En 2016, le marché mondial des ventes aux enchères de voitures de collection pesait 1,191 milliard d’euros, en 2017 il est estimé à 1,025 milliard d’euros, soit un recul de 14%, et 2018 devrait s’afficher à 1,103 milliard d’euros, soit une légère croissance. Les enchères sont très concentrées : les automobiles de plus de 1 million d’euros représentent 2% des ventes en nombre mais 40% en termes de chiffre d’affaires.

Historiquement on note une forte progression des prix, un quadruplement entre 2006 et 2015, puis un décrochage depuis. 2015 marque un record, un emballement aussi sans doute, depuis les prix reculent, mais le nombre de voitures proposées continuent d’augmenter, ce qui soutient le chiffre d’affaires global.

Il est intéressant de comparer les enchères des différents produits de luxe depuis la crise financière de 2008 (page 6 du rapport) : par rapport aux obligations d’Etat, le marché de l’art et le vin ne font pas mieux, ils demeurent à un niveau comparable. Par rapport à l’indice boursier S&P 500, qui offre un meilleur rendement, les montres, qui ont connu un sommet (un quadruplement) en 2012-2013, ne font finalement pas mieux, après leur chute depuis 2014.
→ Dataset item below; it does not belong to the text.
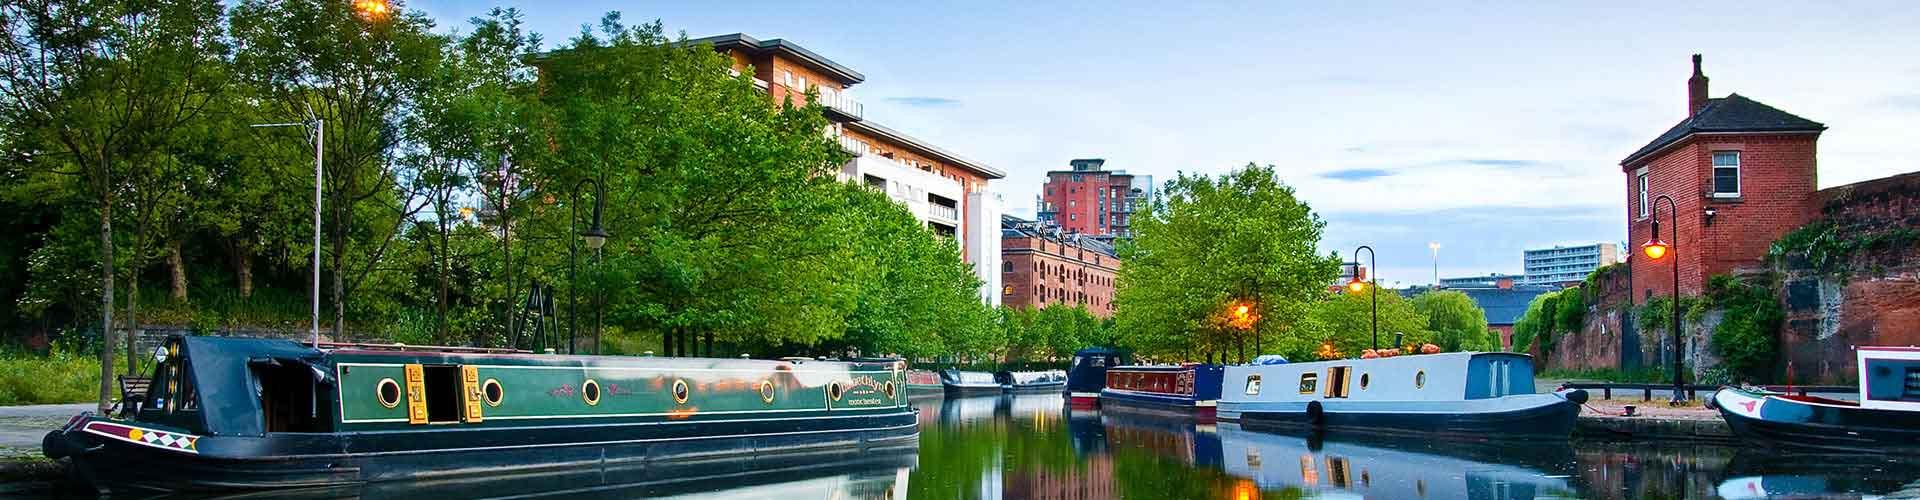 Manchester - Jugendherbergen in Manchester. Manchester auf der Karte. Fotos und Bewertungen für jede Jugendherberge in Manchester.

Seuls les bijoux (en forte hausse depuis 2016) et les voitures de collections offrent un rendement clairement intéressant : celui qui a investi 100 euros dans ces actifs en 2006 en détient aujourd’hui presque 400. Une belle performance mais on rappelle qu’il s’agit d’une moyenne, avec une dispersion plutôt ample, ces marchés de niche nécessitent des compétences très pointues.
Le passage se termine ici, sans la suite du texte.